Direct WIMP identification: Physics performance of a segmented noble-liquid target immersed in a Gd-doped water veto

TL;DR

This paper assesses a segmented noble-liquid detector with Gd-doped water veto for direct WIMP detection, demonstrating its potential to significantly reduce neutron backgrounds and probe very low WIMP-nucleon cross sections.

Contribution

It introduces a novel detector design combining noble liquids and Gd-doped water for improved background rejection in WIMP searches.

Findings

Neutron background can be reduced to about 1 event per year per tonne.

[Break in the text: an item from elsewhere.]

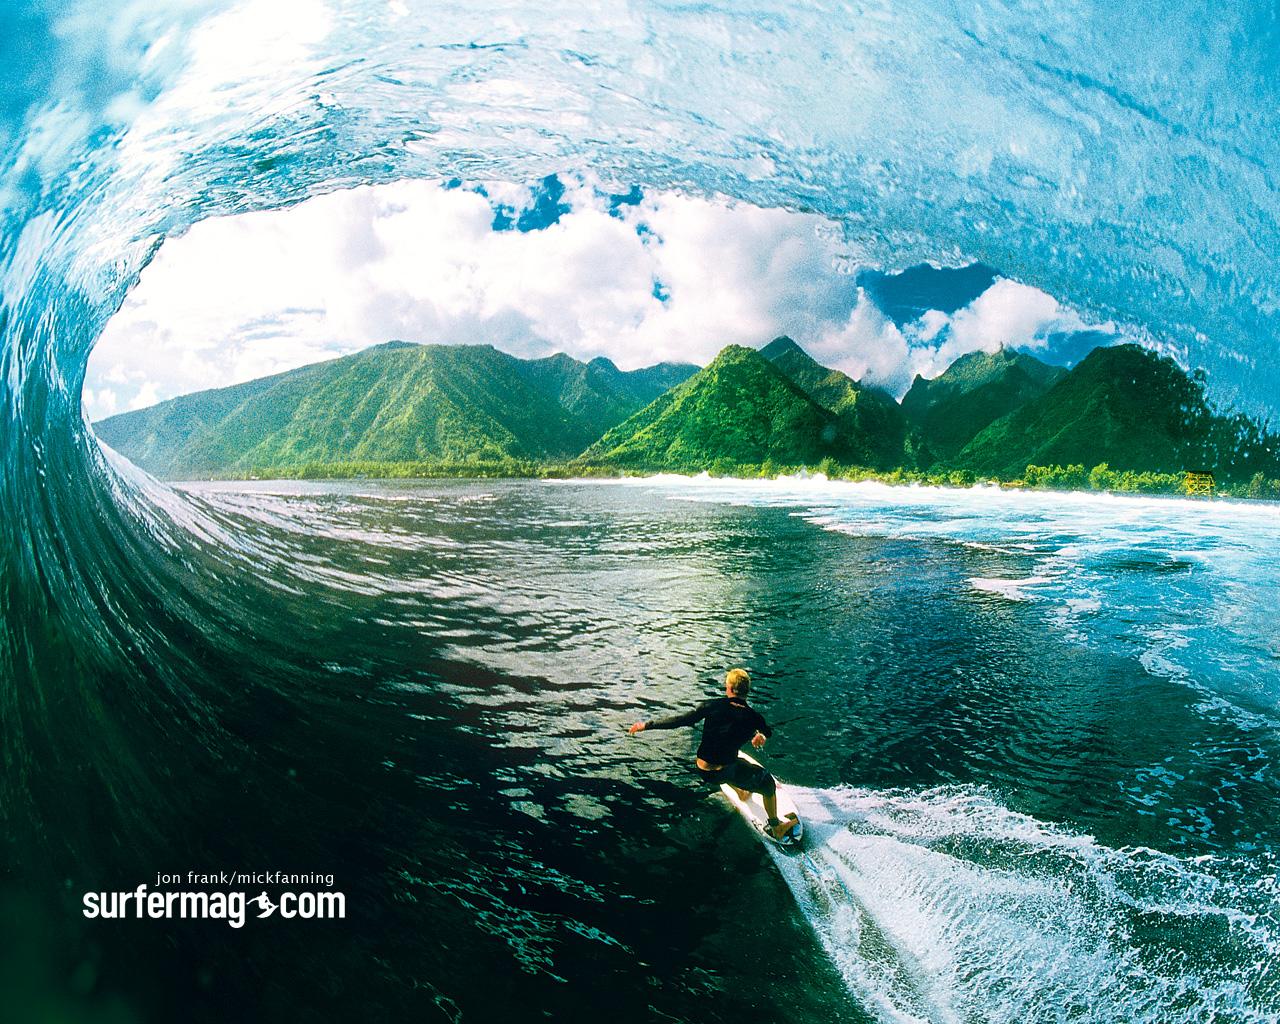 surfing surfingjpg   535778   Image Hosting at TurboImageHost 1280x1024

A 1-tonne-year exposure can exclude WIMP-nucleon cross sections down to 10^{-10} pb.

The detector design is effective for direct dark matter detection with low background levels.

Abstract

We evaluate background rejection capabilities and physics performance of a detector composed of two diverse elements: a sensitive target (filled with one or two species of liquefied noble gasses) and an active veto (made of Gd-doped ultra-pure water). A GEANT4 simulation shows that for a direct WIMP search, this device can reduce the neutron background to O(1) event per year per tonne of material. Our calculation shows that an exposure of one tonne $\times$ year will suffice to exclude spin-independent WIMP-nucleon cross sections ranging from $10^{-9}$ pb to $10^{-10}$ pb.